One other catch. I’m staying in mid-town, and my company’s offices have moved from 19th Street, where there is more restaurant choice, to Penn Station, where there’s practically none. All of the hot and healthy places are in the West or East Village. Still, there’s always a gem if you look hard enough. One of my favorites is The Cafeteria on 18th Street on the corner of 7th Avenue, where the breakfast includes naughty stuff like blueberry ricotta pancakes, to healthy oatmeal and green eggs and ham (pesto and goat cheese scrambled eggs); they’re always willing to make turkey bacon, extra crispy.

Sure, I could just go to any classic New York restaurant and order the fish baked, with no sauce or butter; I could go to the numerous salad-to-go spots that pepper Times Square like overweight tourists in jean shorts. But I want someone to put some thought into healthy food; I want a dining experience. I want a chef that doesn’t just accommodate me, but prepares for me.

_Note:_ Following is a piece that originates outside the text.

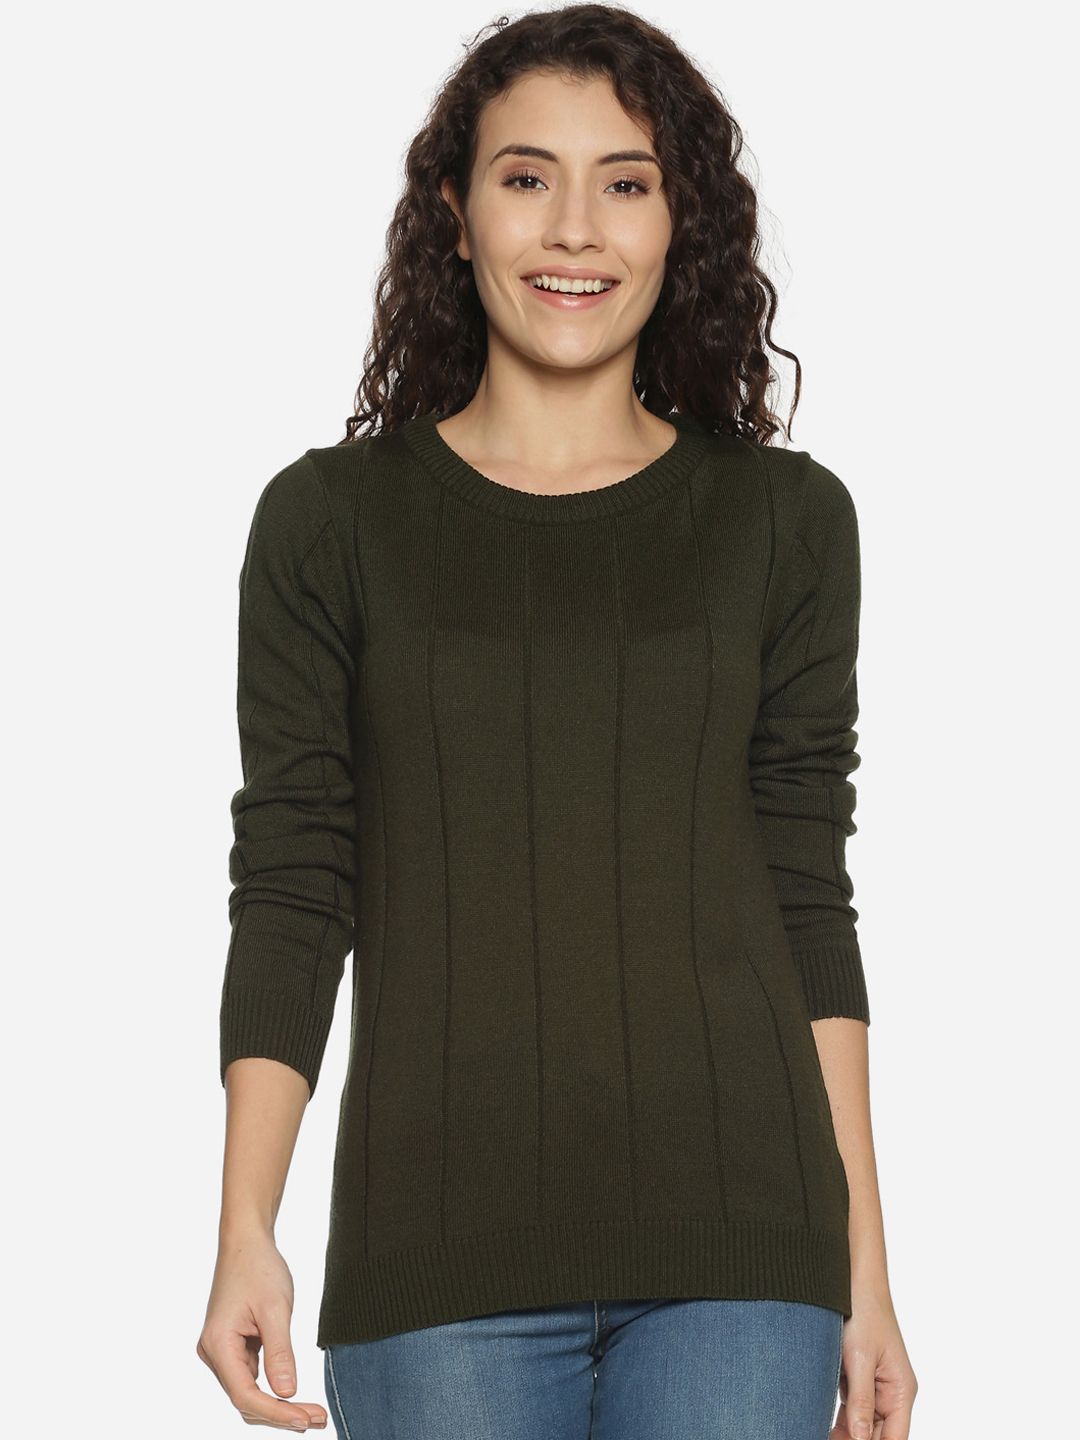 BEVERLY BLUES Women Olive Green Striped Pullover Sweater Price in India
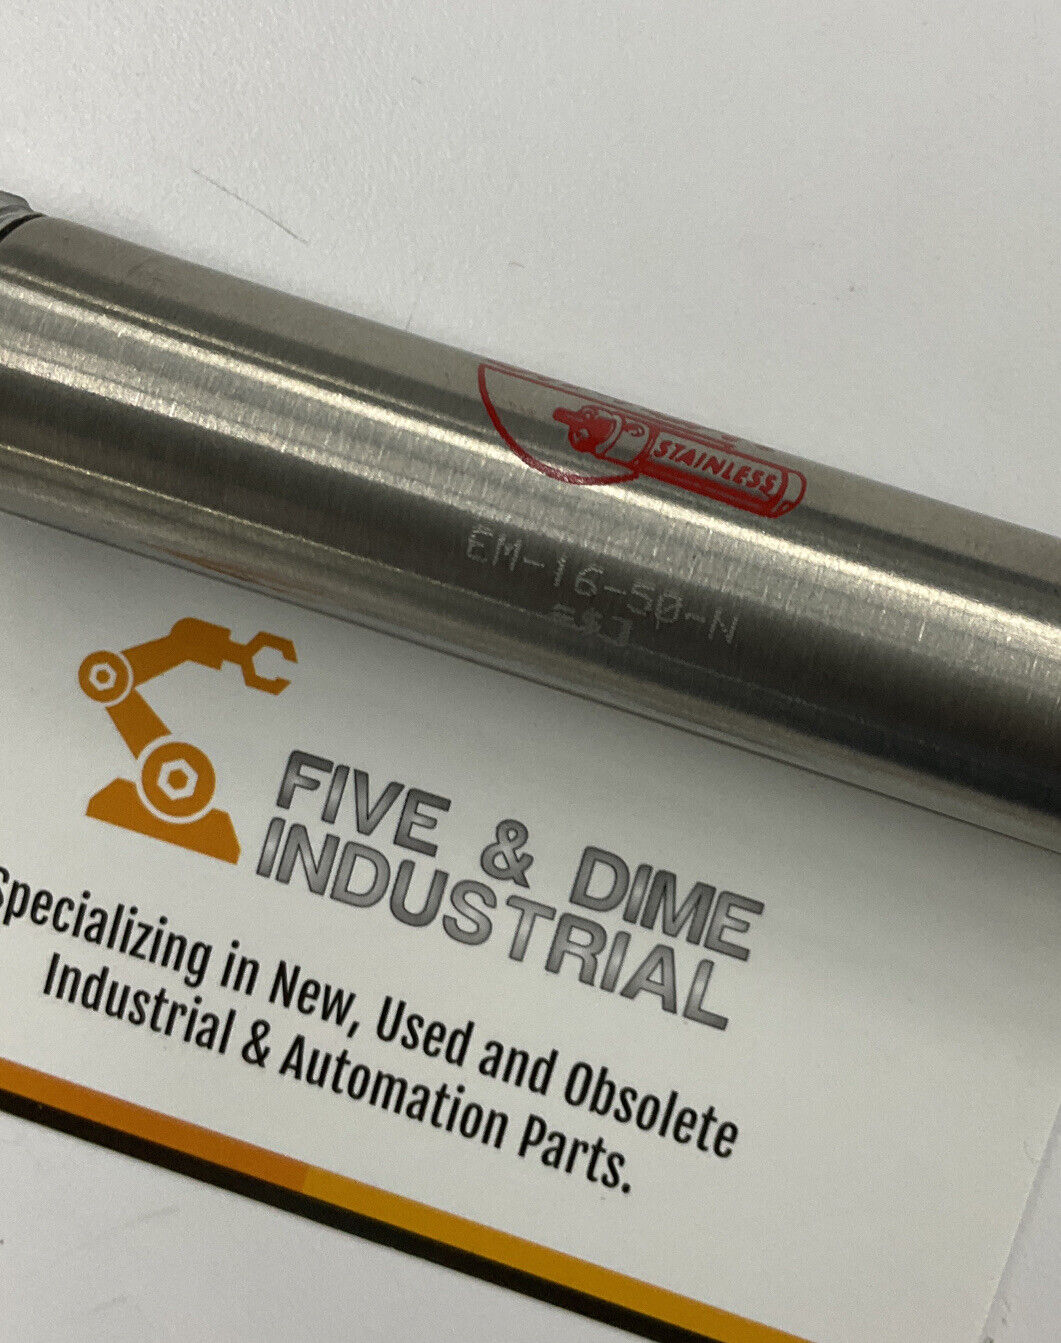 Bimba EM-16-50-N New Stainless Pneumatic Cylinder (CL116) - 0

I search. Yelp is hopeless. CIty Search is helpless. Even Goop, filled with Paltrow’s haunts, is useless. Yahoo Local has suggestions, but there was a more promising list on Menu Pages. I’ll try some of these and report back. I’m not expecting almond-milk smoothies, but you never know. There’s always Miso soup.

One Response to “Fast Cities, Slow Food”

  1. F. Kaplan says:

    Try these 3 in NYC.

    http://www.josiesnyc.com/josie_east/josie_east.html

    http://www.candlecafe.com/ (always full of celebs)

    http://www.oneluckyduck.com/purefoodandwine/

    Amazing spots that make healthy eating in NYC a breeze.